PROBLEM DESCRIPTION:
What you return must match the listing below character for character, minus any pictures.

GIVEN INFORMATION:
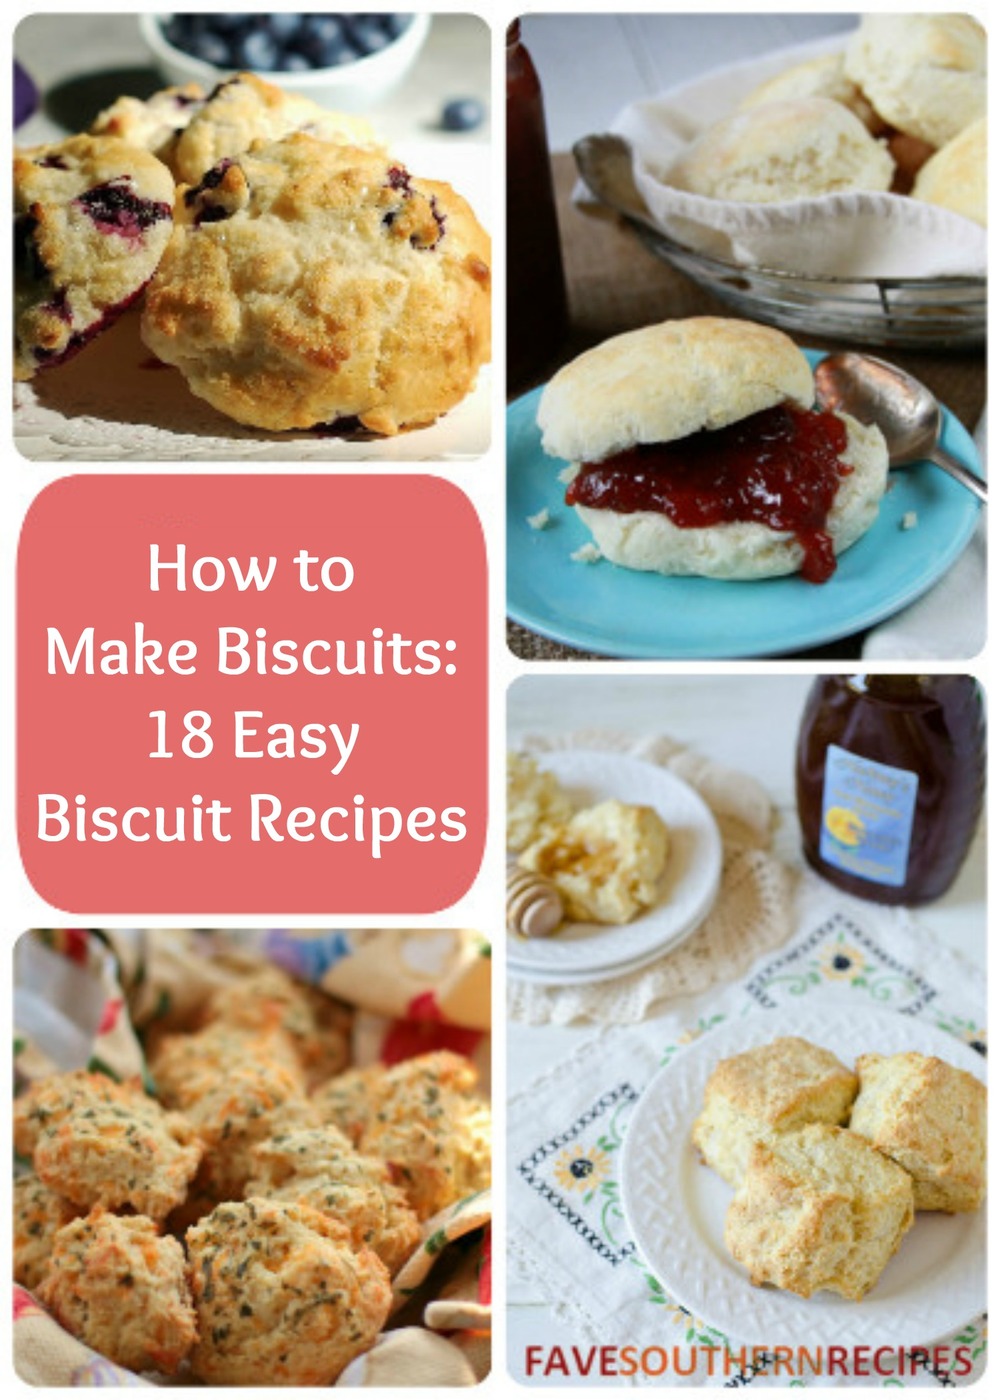 How to Make Biscuits: 18 Easy Biscuit Recipes ...
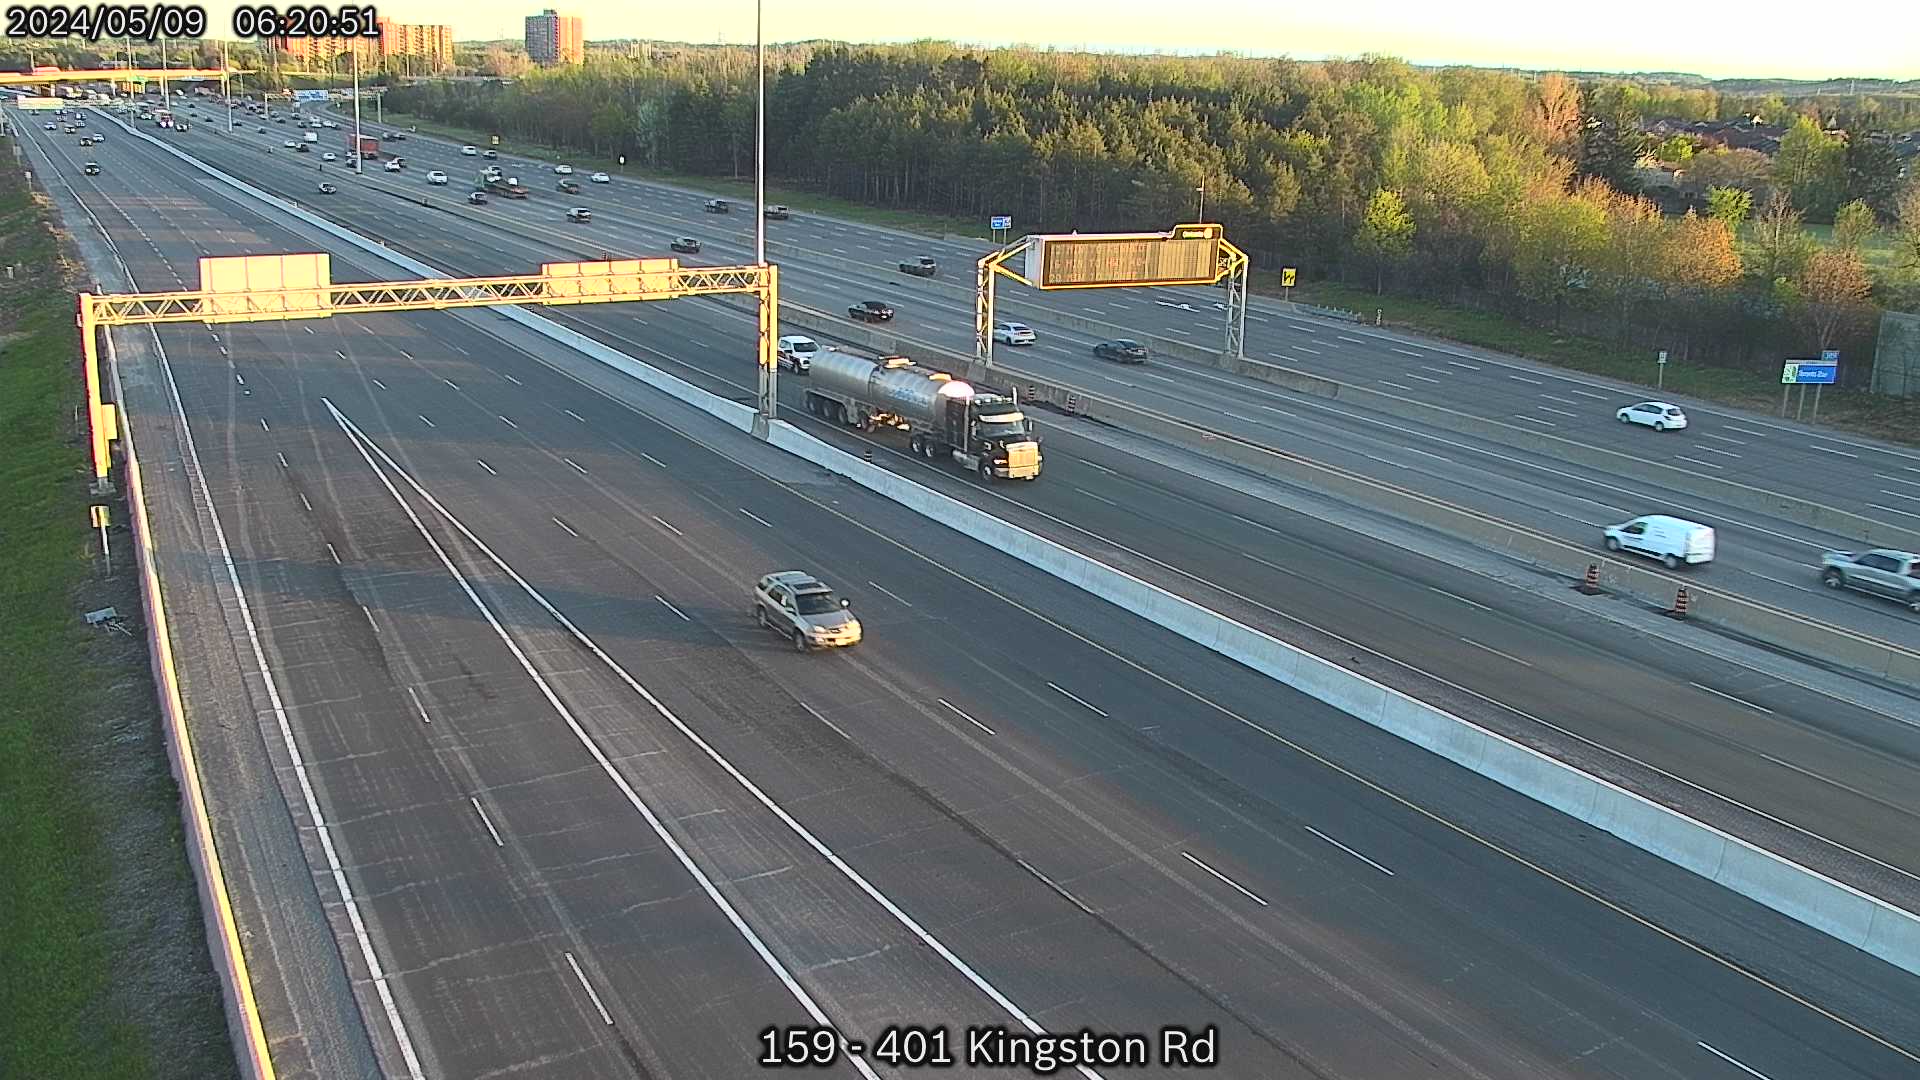 Webcam of South side of Highway 401 near Kingston Rd courtesy of the MTO
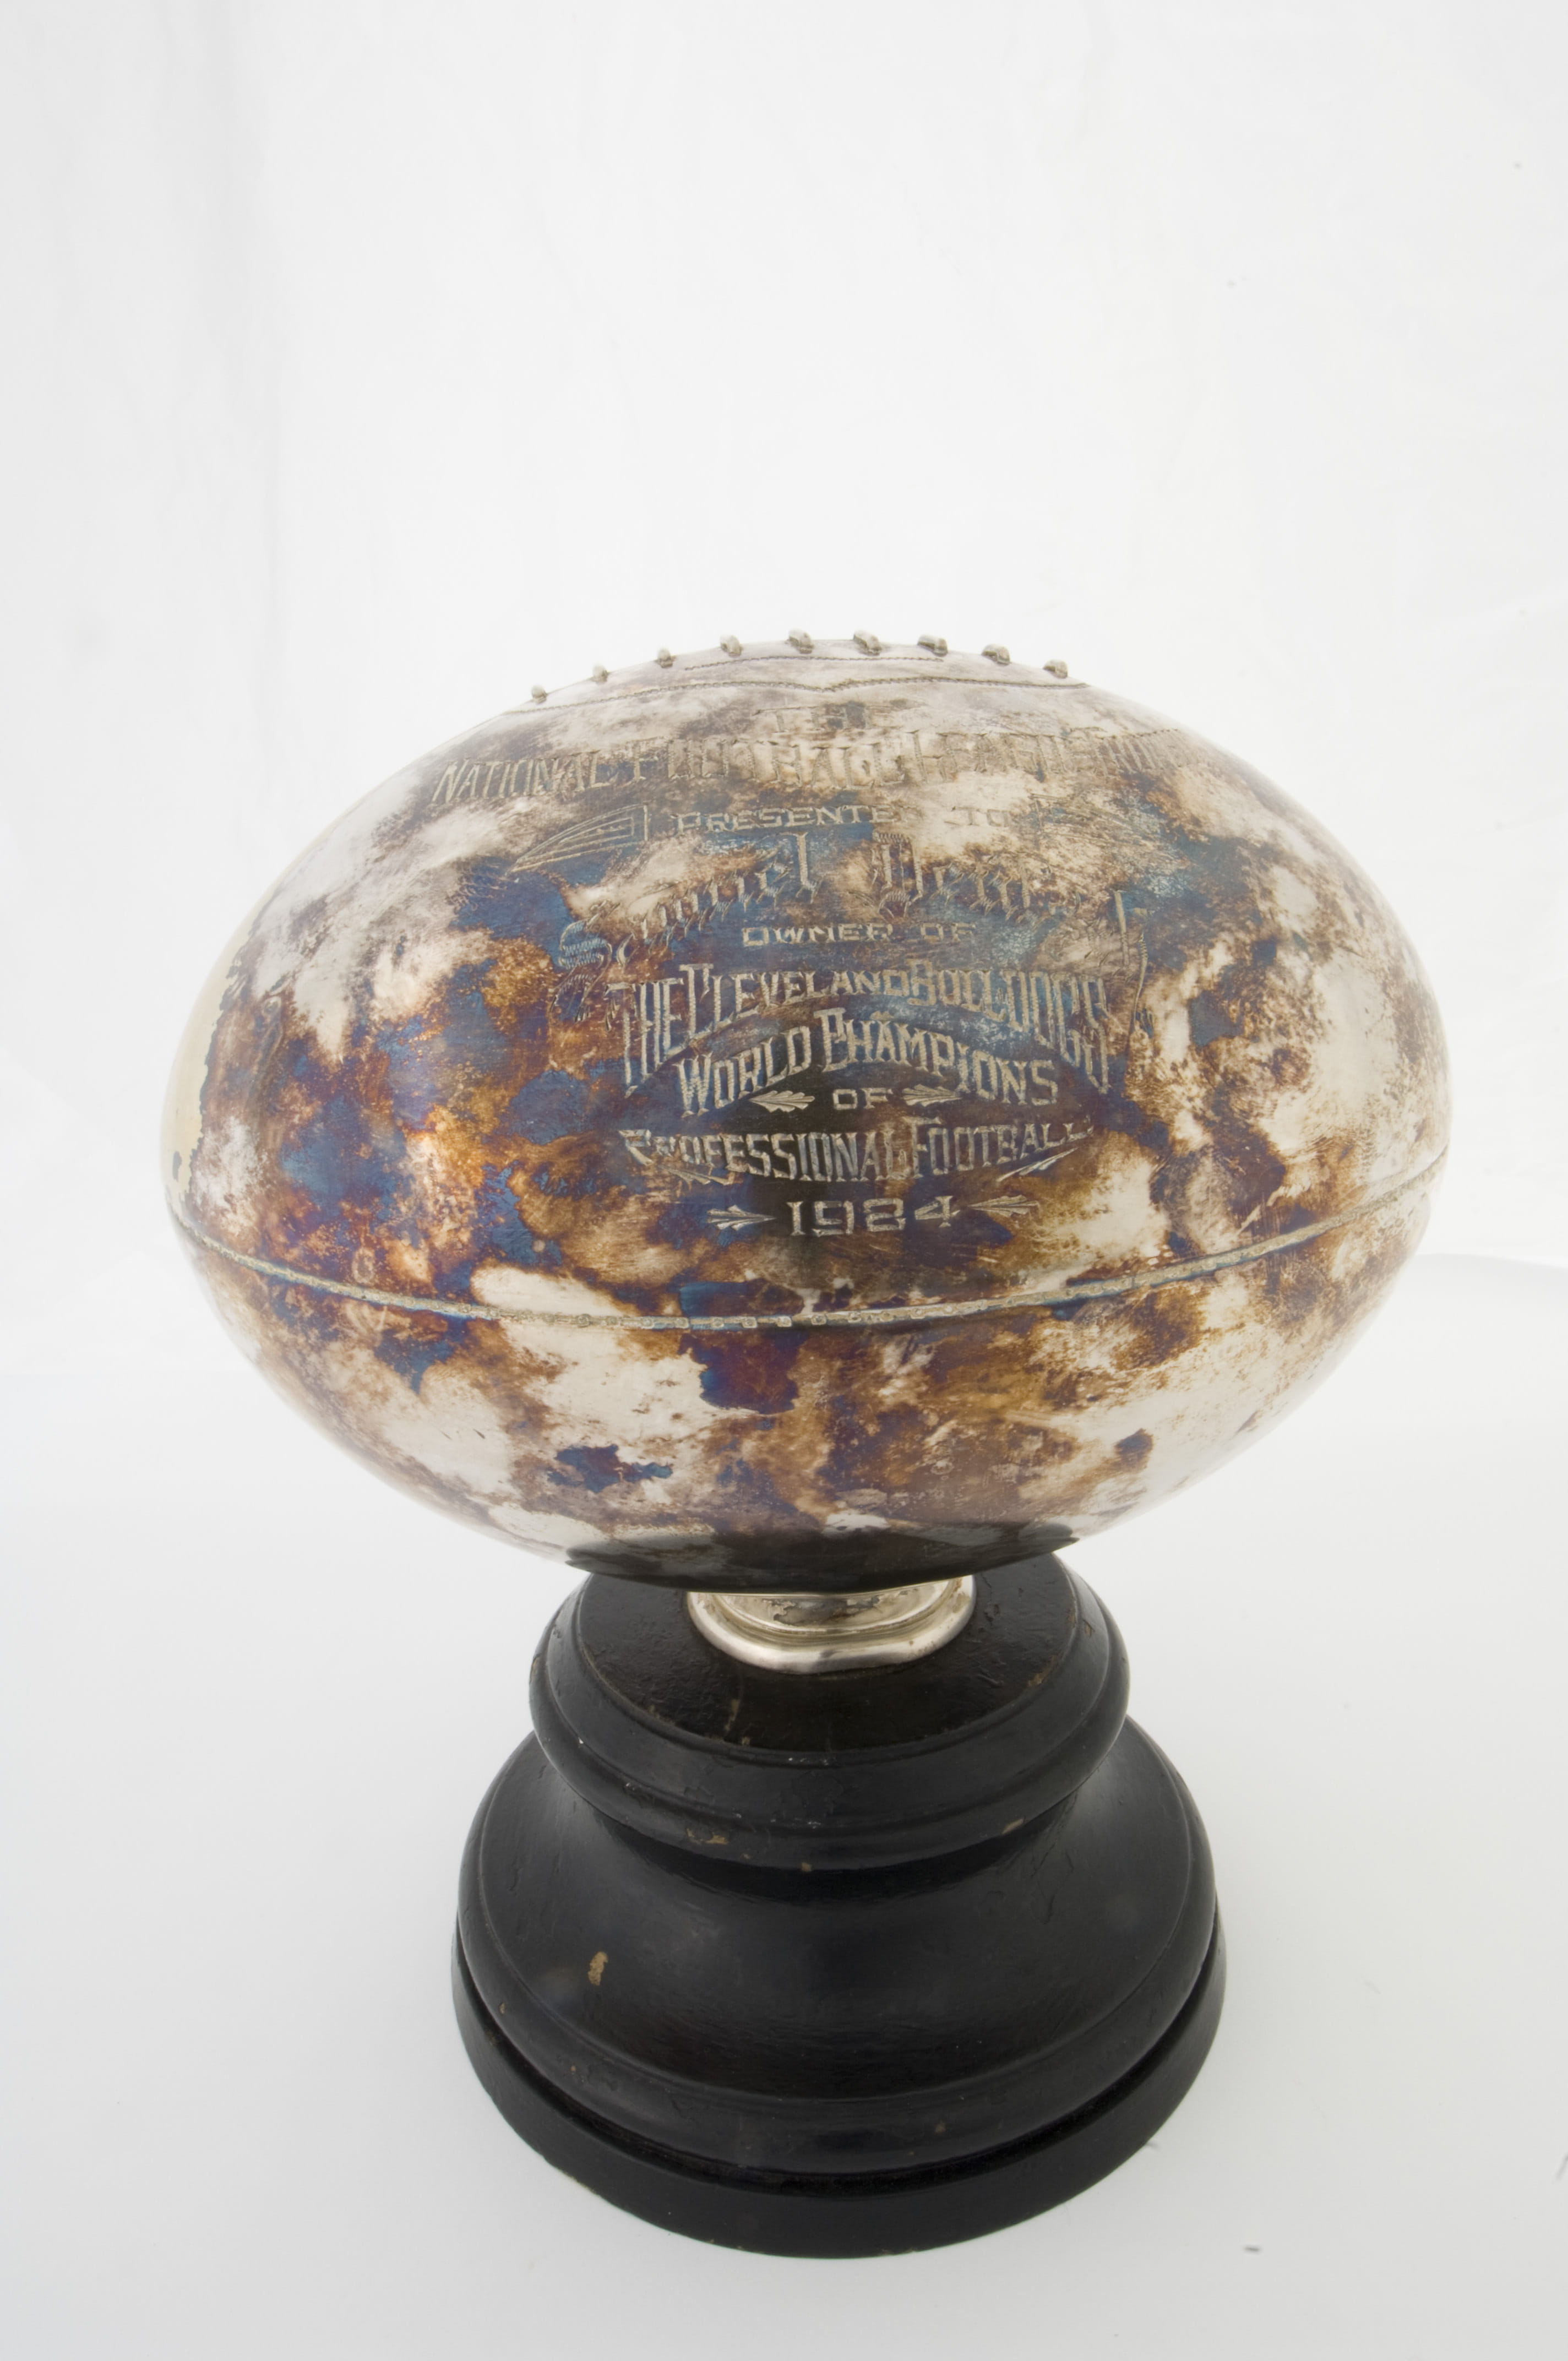 Cleveland Bulldogs 1924 championship trophy.
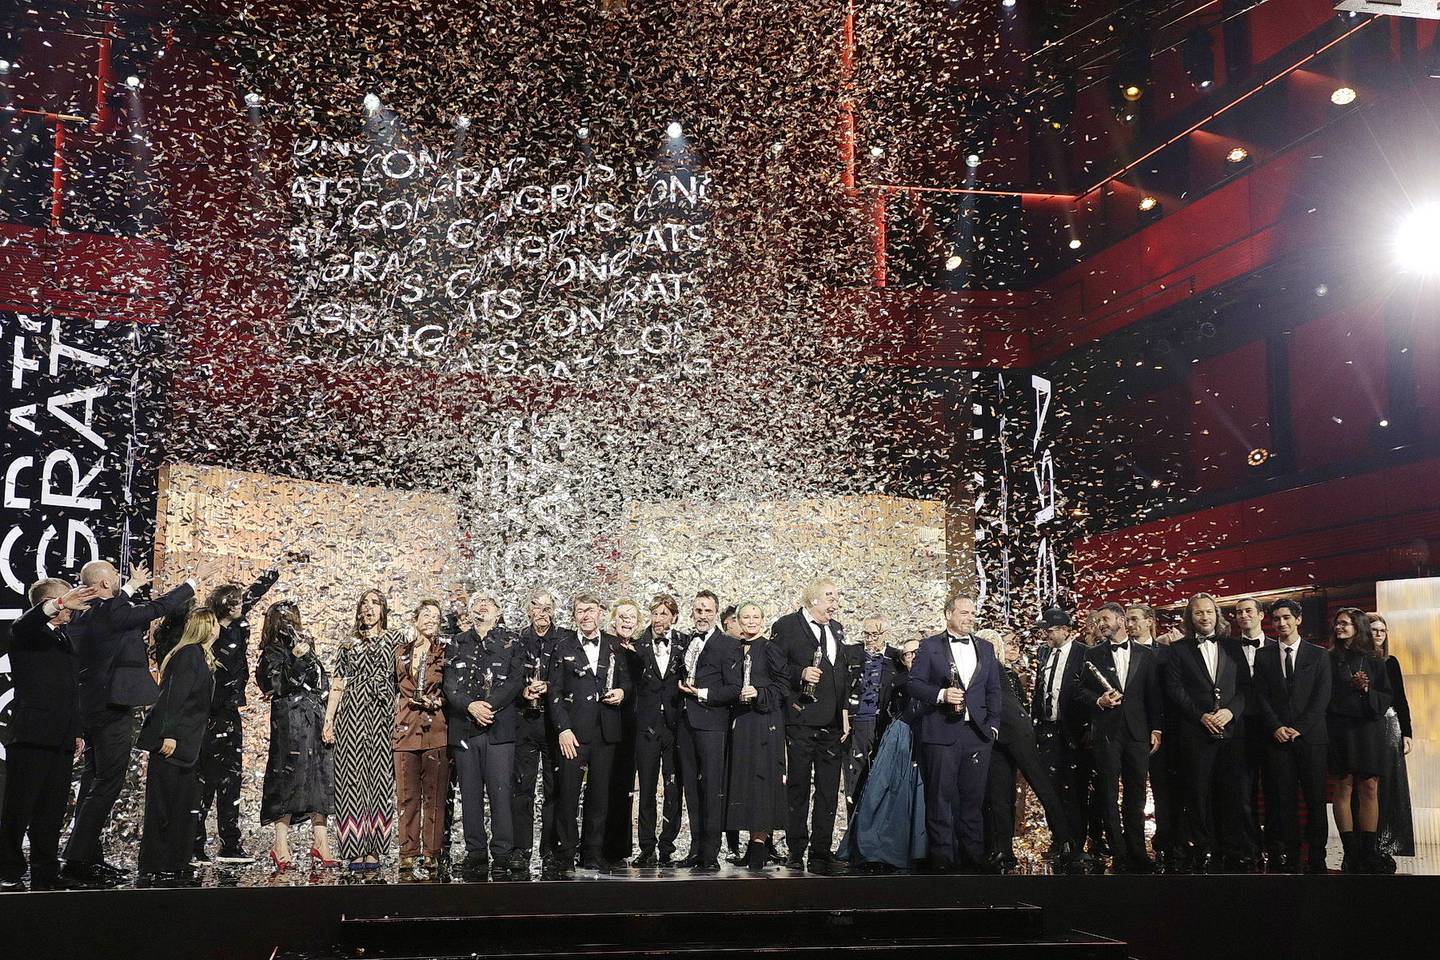 European Film Awards: Anatomy of a Fall dominates evening with landslide of wins

OUTPUT FOR THIS EXERCISE:
 How to Make Biscuits: 18 Easy Biscuit Recipes ...
 Webcam of South side of Highway 401 near Kingston Rd courtesy of the MTO
 Cleveland Bulldogs 1924 championship trophy.
 European Film Awards: Anatomy of a Fall dominates evening with landslide of wins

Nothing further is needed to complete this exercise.